After his suicide in Idaho in 1961, she accompanied Mary back to Cuba to assist her in her negotiations with Castro to "exchange" their home (which the revolutionary government had already seized) for permission to take out of the country Ernest's papers and various personal belongings, including his world-class collection of paintings acquired from such friends as Miró and Masson during his early years as an aspiring writer in Paris in the 1920s. She spent the next four years in New York sorting and cataloguing the papers while also earning a living as a researcher for Newsweek magazine and then as publicity director for publishing houses, including the prestigious New Directions (as well as having a son by Brendan Behan - the result, she writes, of a one-night stand in San Francisco). A rather busy life.

During this time, she began seeing Gregory Hemingway, Ernest's youngest son, whom she had met for the first time at Ernest's funeral. Before that, she knew only that his name wasn't to be mentioned in his father's presence. They fell in love, married, and, gradually, Valerie came to learn the reasons for the bitter estrangement between father and son.

Here begin the real revelations of her book. When Gregory died in October 2001, it became publicly known that he had had a sex-change operation. Before that, there had been occasional newspaper reports of his transvestite activities and his numerous electric-shock treatments. What Valerie now details, with great sadness, was the long undiagnosed nature of Gregory's mental illness and the family tragedies it produced.

It was Gregory's first arrest for appearing in public in drag, while a university student in Los Angeles in 1951, that led to the angry accusatory telephone call between his father and mother and, indirectly, to his mother's death from shock following a surge and then collapse of her blood pressure.

A generous and kind and gentle man while in good health, like his father, Gregory turned increasingly abusive as his private demons took over his life.

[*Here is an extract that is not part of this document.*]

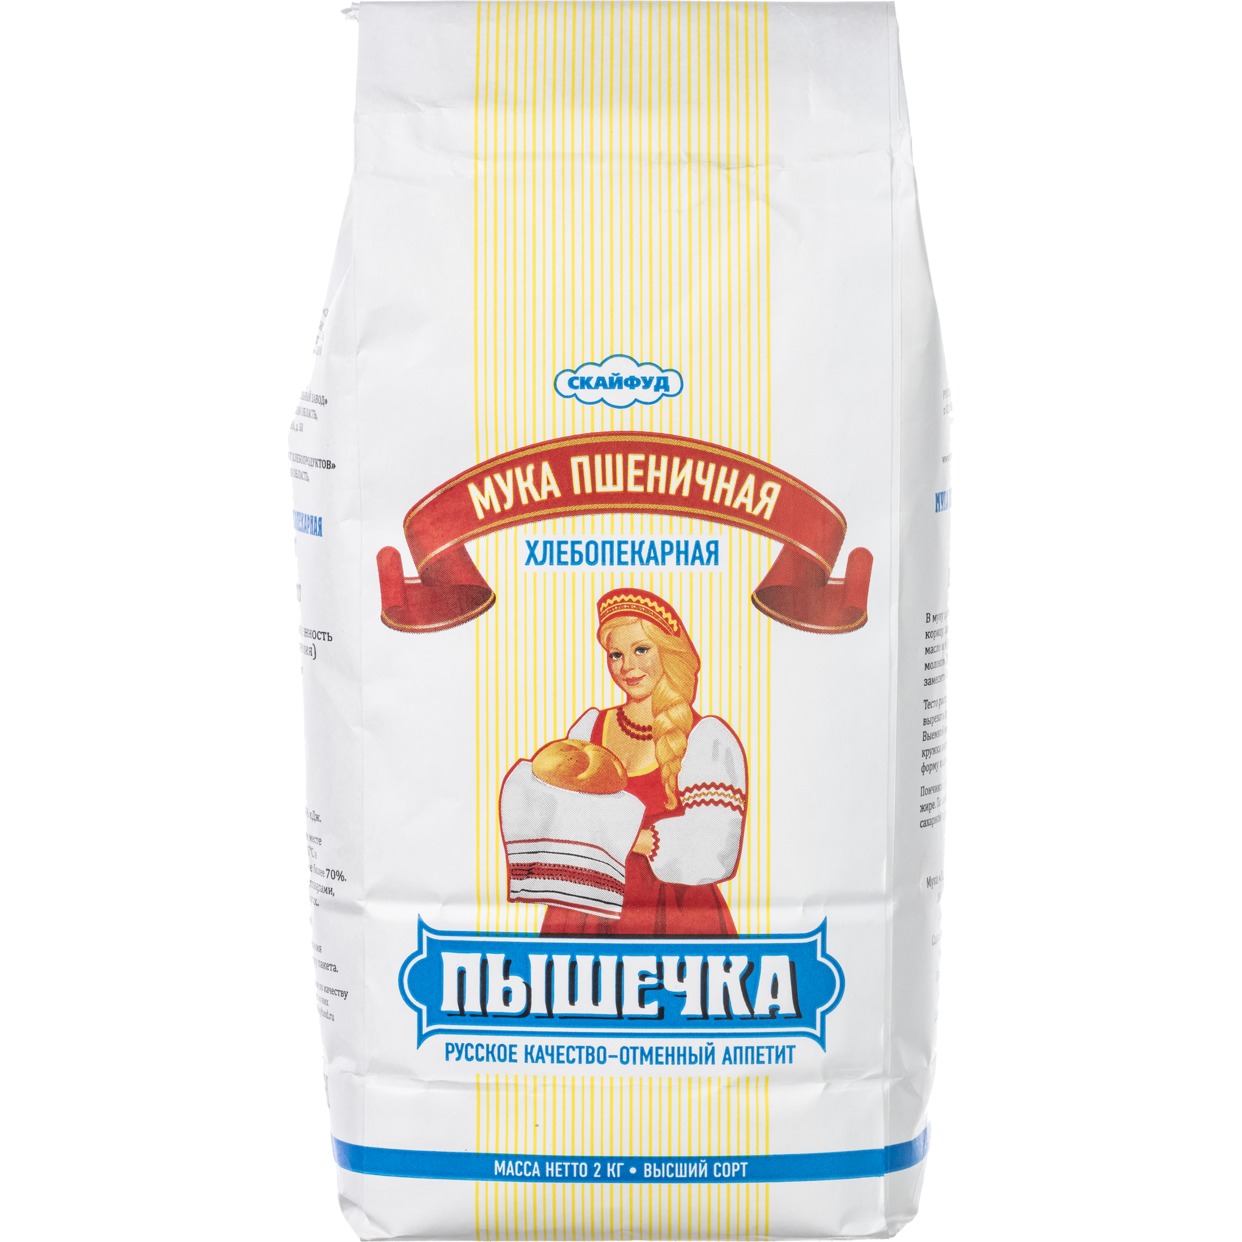 Мука Пышечка, пшеничная, хлебопекарная, высший сорт, 2 кг по акции в Пятерочке

After two decades of marriage and three children (he also adopted the Behan son, Brendan), he and Valerie divorced: 14 years later he died of heart disease in a cell of the women's jail in Miami, arrested for "indecent exposure".

Some years back, at a Christmas party in Dublin in a friend's home not far from that Martello tower, I was chatting with a middle-aged woman, trying to place her accent - certainly southside Dublin by the cultivated tones - when Hemingway came into our conversation (I no longer remember why) and she began to tell me of her friendship with him. She had been a young reporter, she told me, when she met him in Spain and he insisted she join his circle in their pursuit of bullfight history. Then, she went on, she became his secretary and went to Cuba with him.

This expensively well-groomed and cultured Dublin woman had simply appropriated the young Valerie Danby-Smith's life-story. I listened in awed astonishment, said nothing challenging, smiled, and, as you do at cocktail parties, eventually moved on. After all, if you desire adventure, friendships with the creative great, and genuine love - and can stand the heartache - it's a life well worth appropriating.